- Origin: Atlanta, Georgia, USA
- Genres: Alternative rock, gothic rock, new wave, post-punk
- Years active: 2004–present
- Label: WTE Records
- Members: Matt Spatial Vernon Love Sacha Alexander Michael Allen
- Website: Official website

= The Julia Dream =

The Julia Dream is a rock band based out of Atlanta, GA founded by bassist Matt Spatial and singer Vernon P. Love. The sound of the band has been described as new wave, psychedelic trance-rock, and "melodic post-punk".

The band name was not derived from the Pink Floyd song of a similar name, but from an actual dream by bassist, Spatial.

The band worked with other members until the lineup was completed with guitarist Sacha Alexander in 2006 and most recently Michael Allen on drums.
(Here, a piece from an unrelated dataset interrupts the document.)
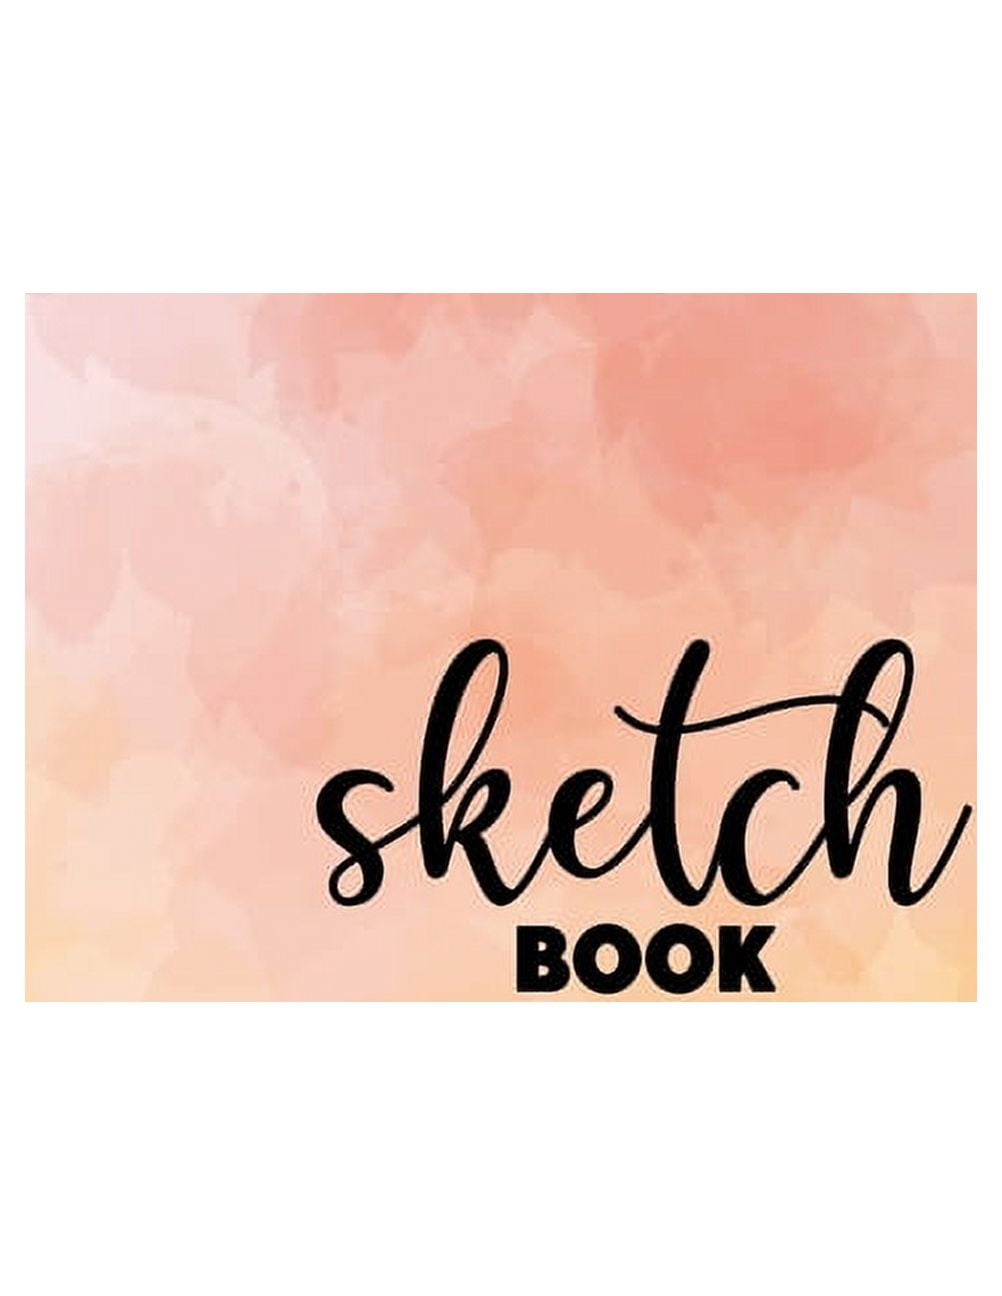 Little Artist Sketch Book: Large Sketchbook For Kids For Drawing, Doodling  And Sketching: Blank Paper Sketch Book for Drawing, 100 Pages, 8.5 x 11

In 2005, the band released Lifted: Live on independent record label WTE Records featuring four live tracks from a sold-out concert at Atlanta's Smith's Olde Bar.
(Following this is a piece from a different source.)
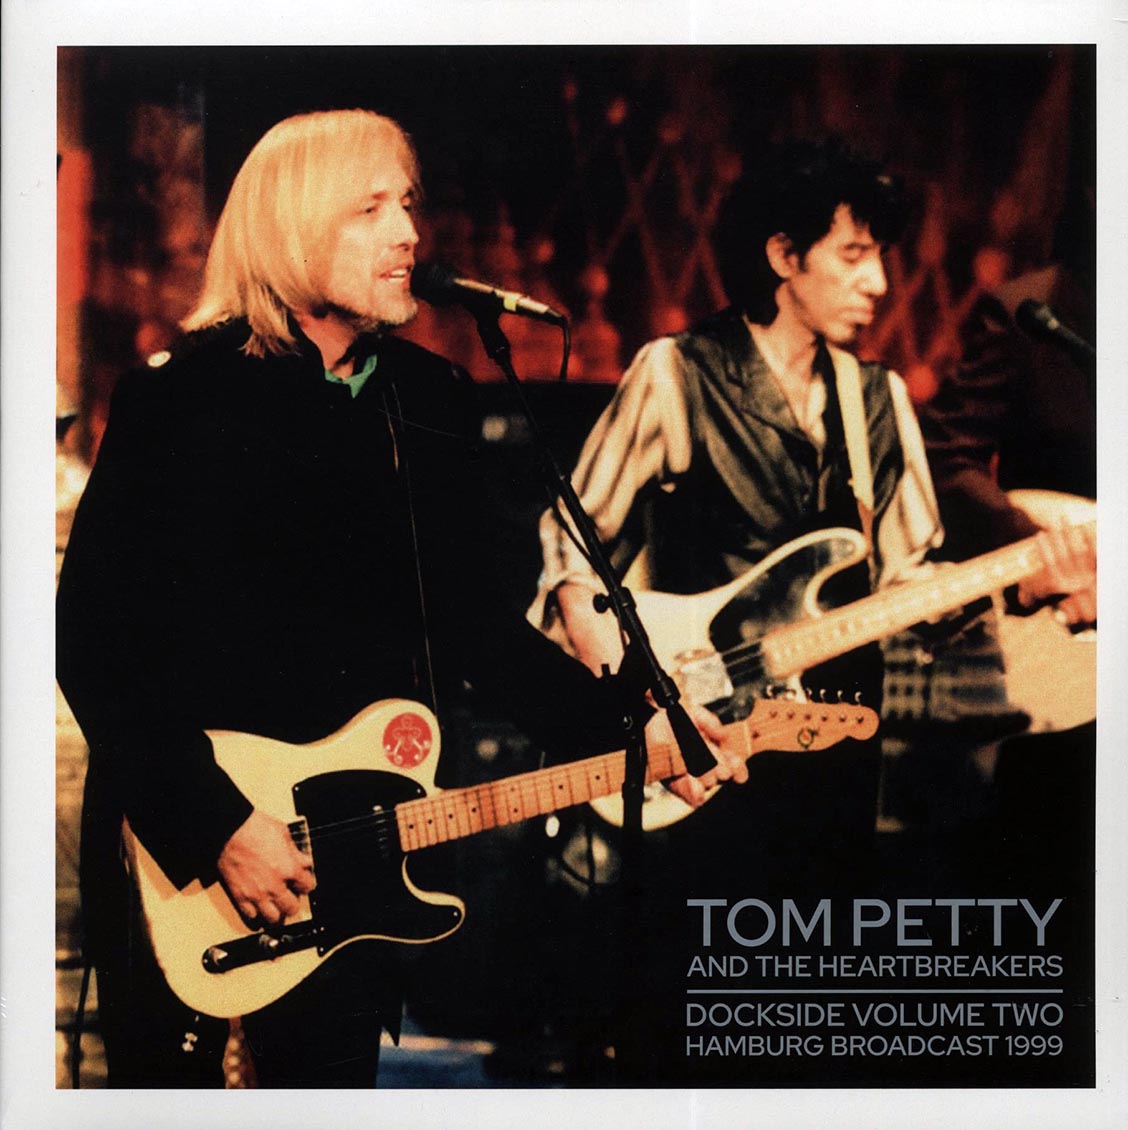 Tom Petty & The Heartbreakers - Dockside Volume 2: Hamburg Broadcast 1999

The band's debut studio EP Above From Beneath was released on WTE Records in mid-2007 and was selected by retailer Best Buy for regional distribution. The EP was recorded in Asheville, NC by Dan Friedman and mixed at Billy Hume’s The Zone Studios in Atlanta, GA by Joel Mullis. The last track of the EP, "Clean Today", has been featured on the nationally televised cable series Epic Conditions.

The band has performed regularly with other rock, goth, new wave, and industrial acts such as Filter, Augustana, Your Vegas, James Hall, The Awakening, and The Damnwells.

The band has been featured twice on Comcast Cable's Bands On Demand series.